Ce décret répond-il aux questions que nous vous posions à l'époque ? Comment ce fonds sera-t-il construit, géré et défini ? Quelle sera la place du candidat à la reprise ? Aura-t-il son mot à dire ou devra-t-il, au final, nécessairement suivre l'avis du bailleur de crainte de voir le bail se terminer ? J'espère que la date de publication du décret au Journal officiel, le 4 août, est de bon augure dans ce domaine.

Par ailleurs, les DPU seront-ils intégrés dans la valorisation d'un fonds agricole et, dans l'affirmative, jusqu'à quand ?

Permettez-moi de m'arrêter un instant, comme l'a fait M. Repentin tout à l'heure, sur la question que pose le décret, paru au début du mois de juillet, relatif à l'évaluation par l'AFSSA des produits phytopharmaceutiques, matières fertilisantes et supports de culture.

Ce décret prévoit que seront désormais interdites toute publicité commerciale et toute recommandation pour les produits phytopharmaceutiques contenant une ou plusieurs substances actives destinées au traitement de végétaux si ces produits ne bénéficient pas d'une autorisation de mise sur le marché ou d'une autorisation de distribution pour expérimentation.
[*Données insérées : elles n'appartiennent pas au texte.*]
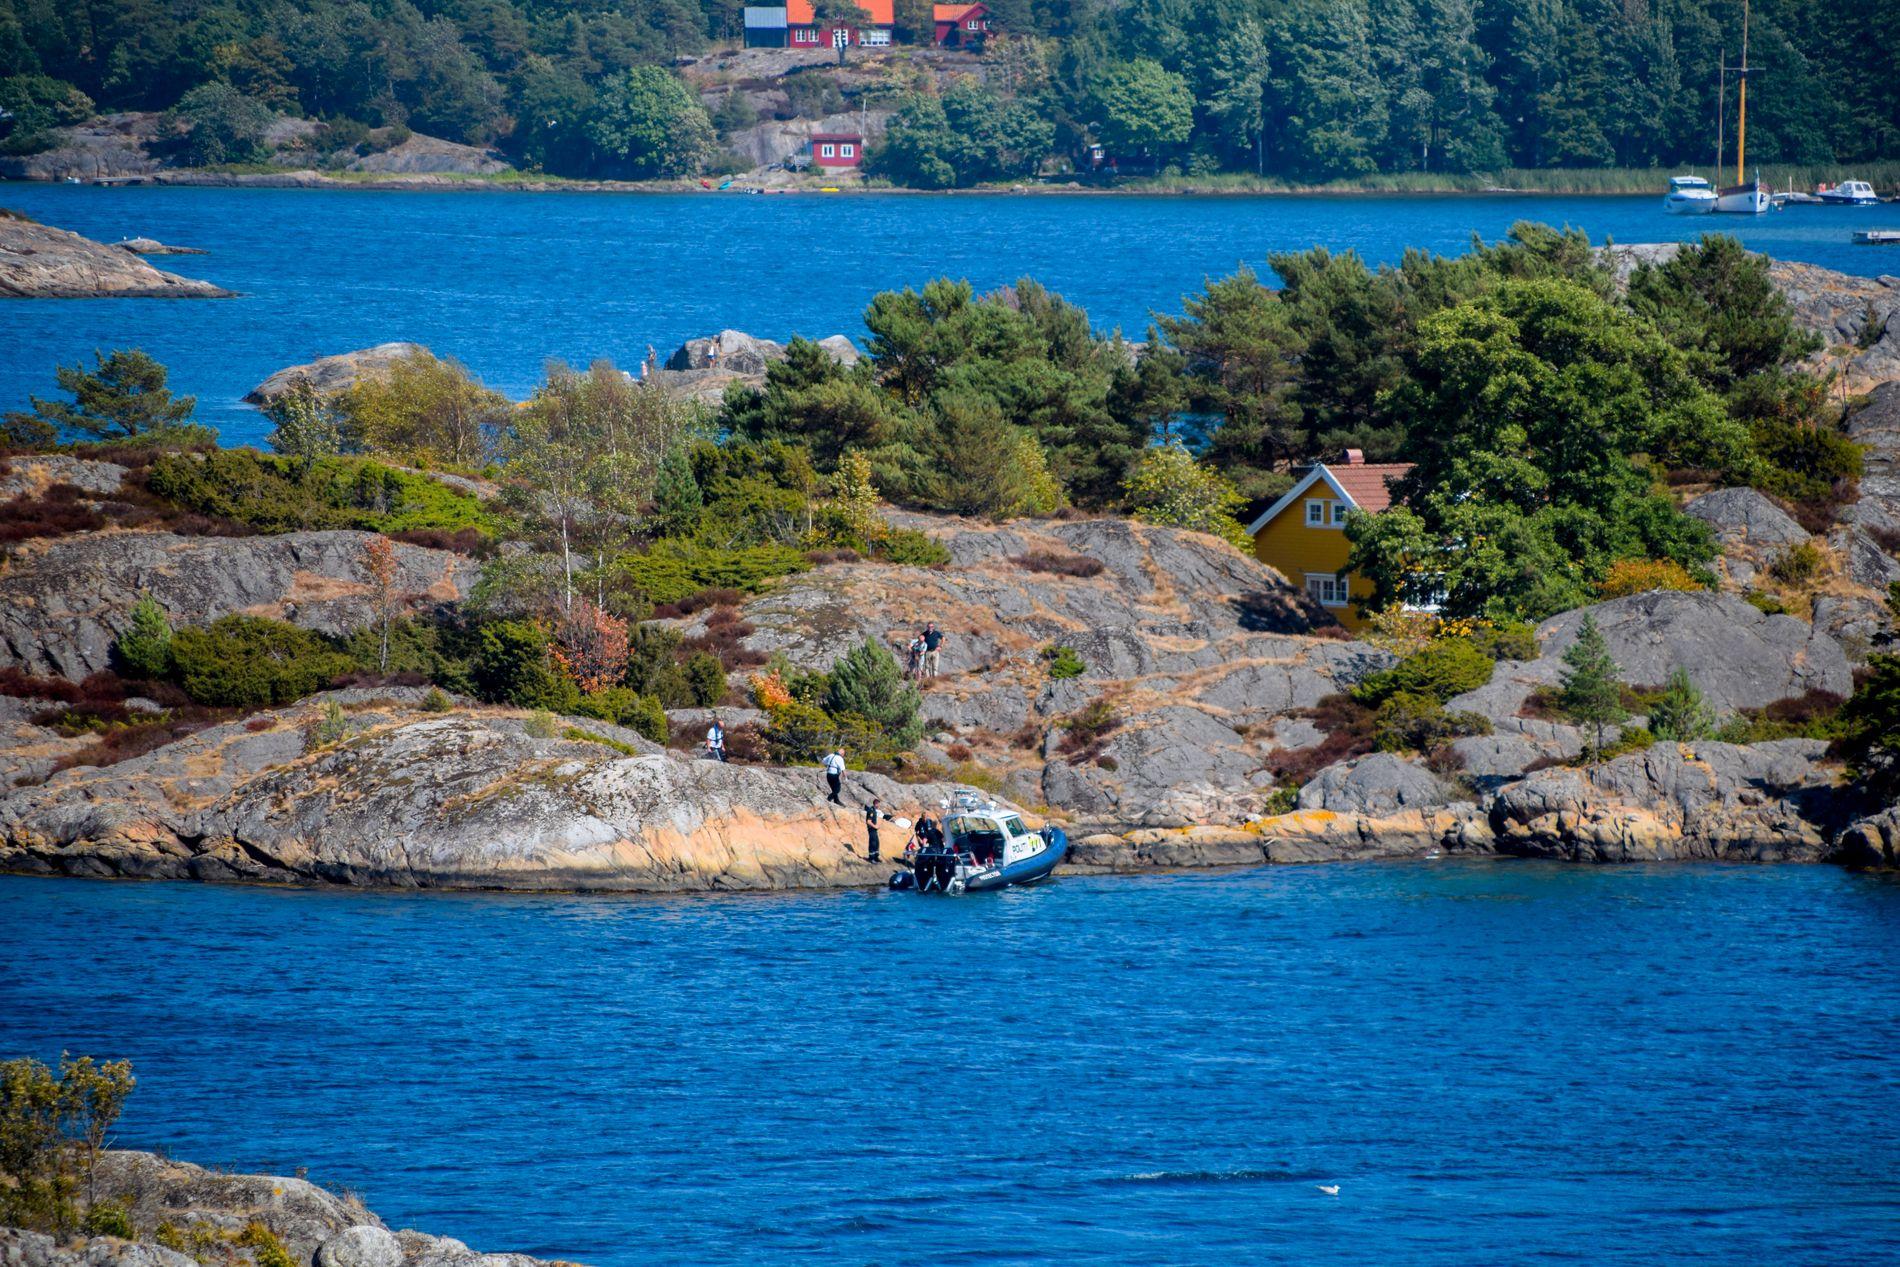 ULYKKESSTEDET: Her på øya St. Helena i Hovekilen ved Arendal ble Vibeke Skofterud funnet.

Ces dispositions posent un réel problème pour des produits naturels traditionnels et des pratiques qui, jusqu'à présent, étaient considérées comme particulièrement respectueuses de l'environnement.

Monsieur le ministre, vous avez dû, je présume, recevoir un très grand nombre de courriers d'alerte de la part de nombreux parlementaires, tant l'émoi suscité par ces décrets a été grand non seulement dans le petit monde du jardinage écologique, mais également dans le milieu agricole et rural soucieux des bonnes pratiques environnementales.
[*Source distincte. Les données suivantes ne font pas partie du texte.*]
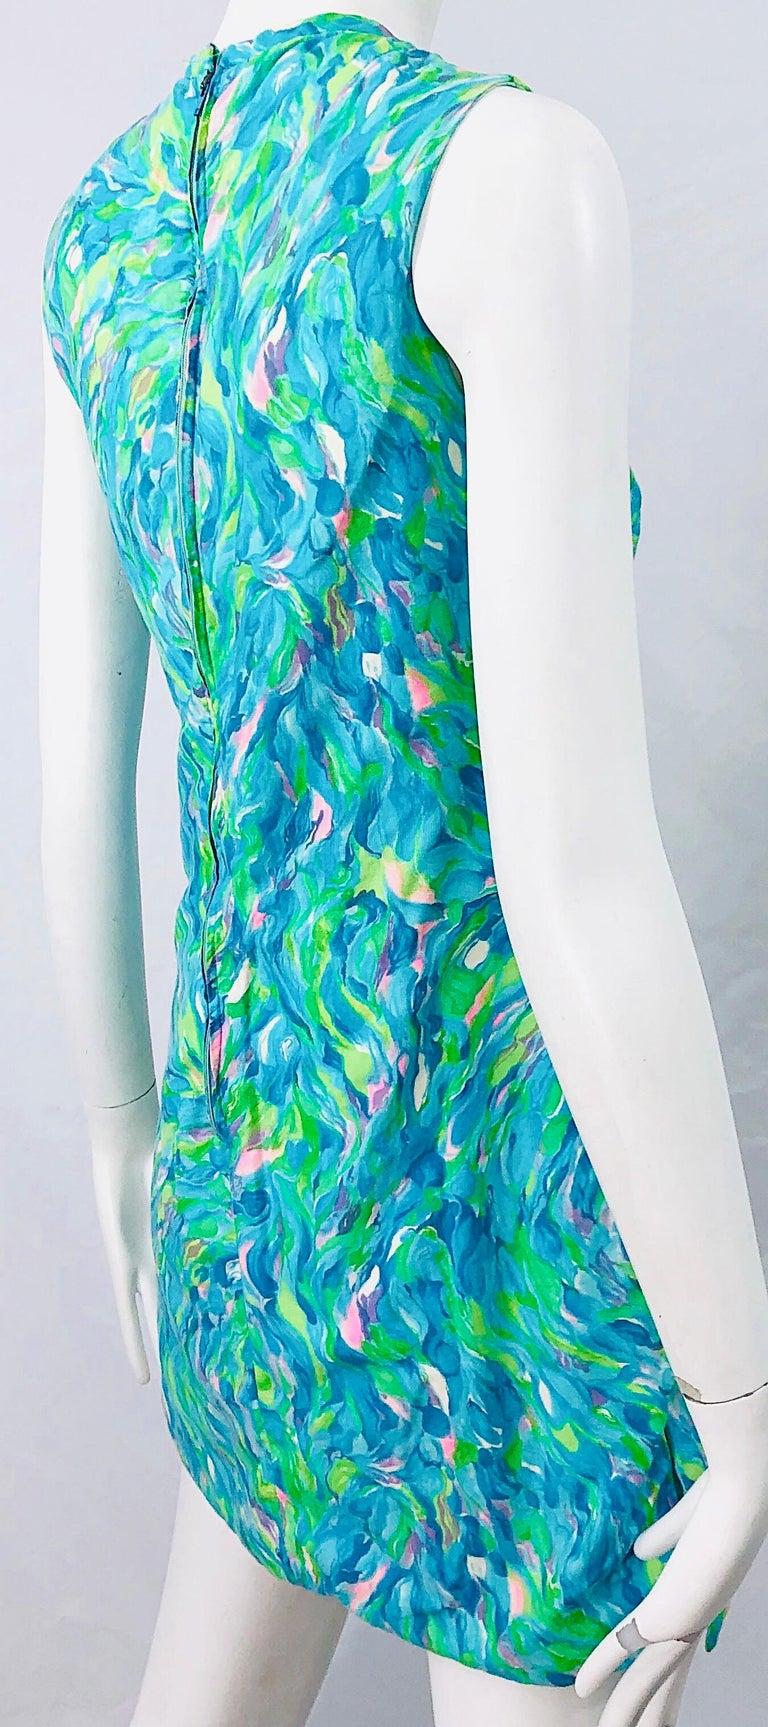 1960s Romper Watercolor Pastel Cut Out Cotton Vintage 60s Shift Dress Jumpsuit For Sale 7

Nous sommes bien loin, là, d'une vision écologique et économe du travail de la terre. Comment peut-on à la fois prôner la limitation de l'utilisation de produits fongicides et d'engrais pour lutter contre la pollution des sols et des eaux et interdire la promotion des produits naturels et quasiment gratuits ? Mais n'est-ce pas précisément là le noeud du problème ?

On peut comprendre l'importance de ne pas tout laisser faire et, surtout, de ne pas laisser faire n'importe comment, mais reconnaissez que nous sommes dans une situation singulière, dans laquelle le contrevenant est passible de deux ans de prison et de 75 000 euros d'amende ! Y avait-il réellement urgence à publier ce décret en l'état ?

Monsieur le ministre, il convient de légiférer rapidement sur les biocarburants, qu'il s'agisse de l'utilisation, comme carburant agricole, d'huile végétale pure ou des modalités de production, de commercialisation et d'utilisation de l'huile végétale.

Il y a en effet urgence tant la question des énergies est devenue, pour les agriculteurs, une donnée nouvelle, intéressante pour l'avenir, mais aussi pleine d'incertitudes. Il convient néanmoins de s'interroger sur le fond et de se demander si l'agriculteur peut réellement y trouver son compte.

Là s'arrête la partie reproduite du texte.